Thus, the issue is that we cannot use the AndroidJUnitRunner directly because Paparazzi is not compatible with the RobolectricTestRunner ¹.

Thus, we need to customize Google's AndroidJUnitRunner accordingly:

1. On the JVM

   1. With Paparazzi, use the standard JUnit4 TestRunner BlockJUnit4ClassRunner

   2. With Roborazzi, use the RobolectricTestRunner

2. On-device

   1. Use the AndroidJUnit4ClassRunner

So we create our own CrossLibraryScreenshotTestRunner based on Google's AndroidJUnitRunner, and tweak the necessary parts as follows:

private static boolean runsOnJvm() {
    return !System.getProperty("java.runtime.name")
            .toLowerCase()
            .contains("android")
}

private static String getRunnerClassName() {
    ...
    if (runsOnJvm()) {
        ...
        // If the project has Paparazzi as a dependency, we
        // assume it is used for JVM screenshot testing:
        // Robolectric could be used for standard unit tests too.
        if (hasClass("app.cash.paparazzi.Paparazzi")) {
            return "org.junit.runners.BlockJUnit4ClassRunner";
        }
        if (hasClass("org.robolectric.RobolectricTestRunner")) {
            return "org.robolectric.RobolectricTestRunner";
        }
    }
    return "androidx.test.internal.runner.junit4.AndroidJUnit4ClassRunner";
}

Links with the full code below:
- Google's AndroidJUnitRunner
- AndroidUiTestingUtils CrossLibraryScreenshotTestRunner

This TestRunner belongs to cross-library common code, but we circumvent direct dependencies on Robolectric and Paparazzi through reflection.
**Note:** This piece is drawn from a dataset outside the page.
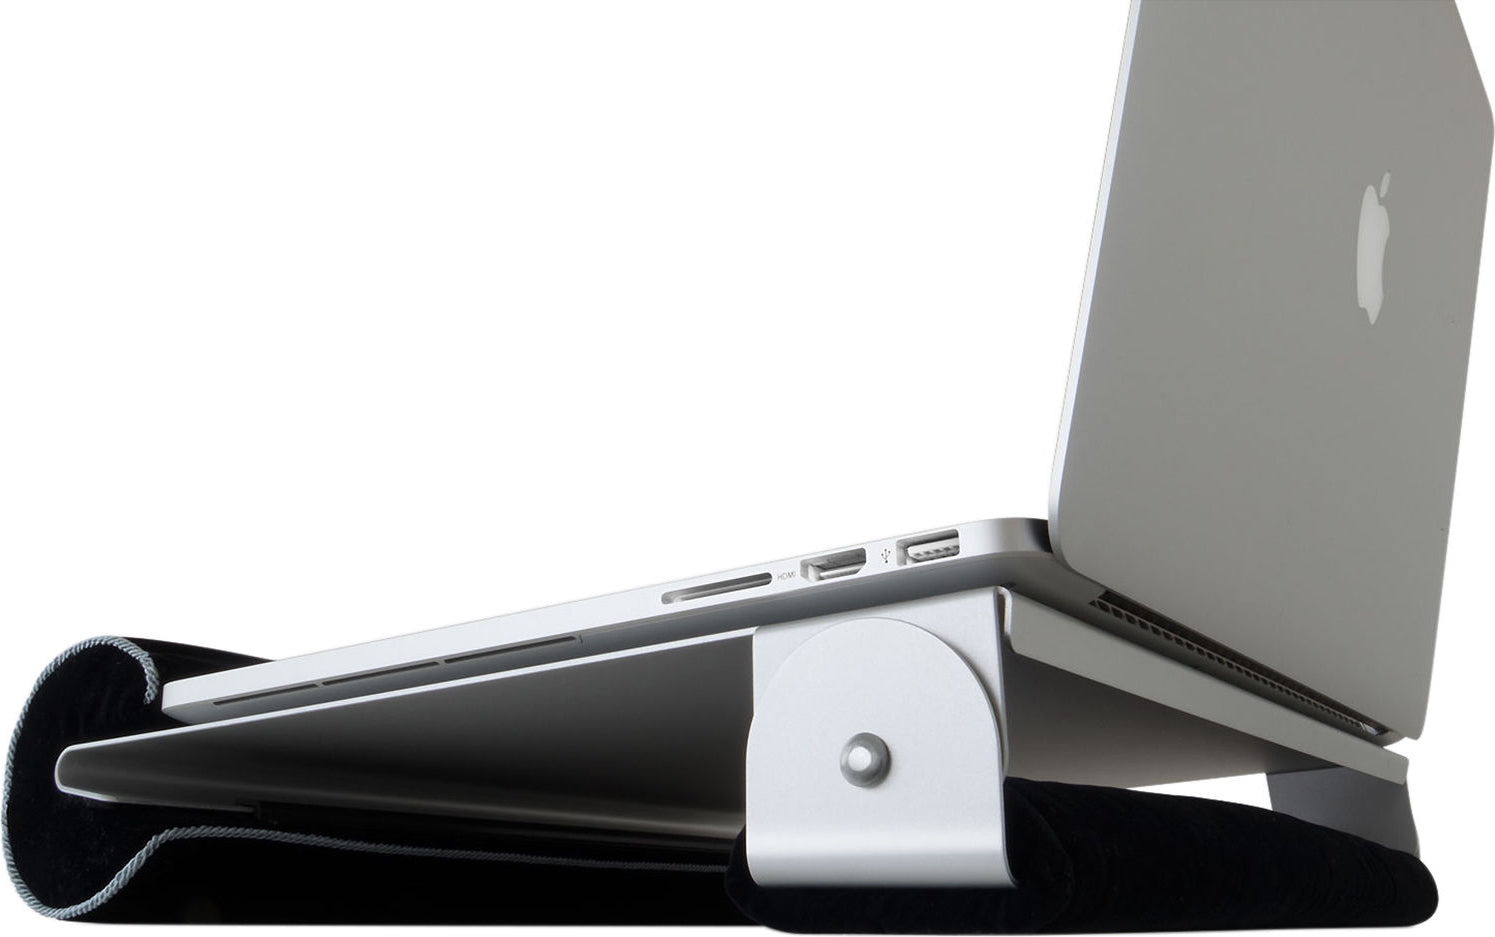 Rain Design iLap Stand for MacBook Pro/Air 12"

Now, we can make cross-library screenshot tests work by using @RunWith(CrossLibraryScreenshotTestRunner::java.class)

¹ Paparazzi is not compatible with RobolectricTestRunner #1089, #425

Deciding which library executes the tests

So far we've seen that, to achieve cross-library screenshot tests, we need:

1. An implementation of the ScreenshotTestRuleForComposable for each library we want to use

2. Use @RunWith(CrossLibraryScreenshotTestRunner::java.class)

The last step is to create a special ScreenshotTestRuleForComposable that enables us to choose which of the previous ScreenshotTestRuleForComposable implementations we delegate to.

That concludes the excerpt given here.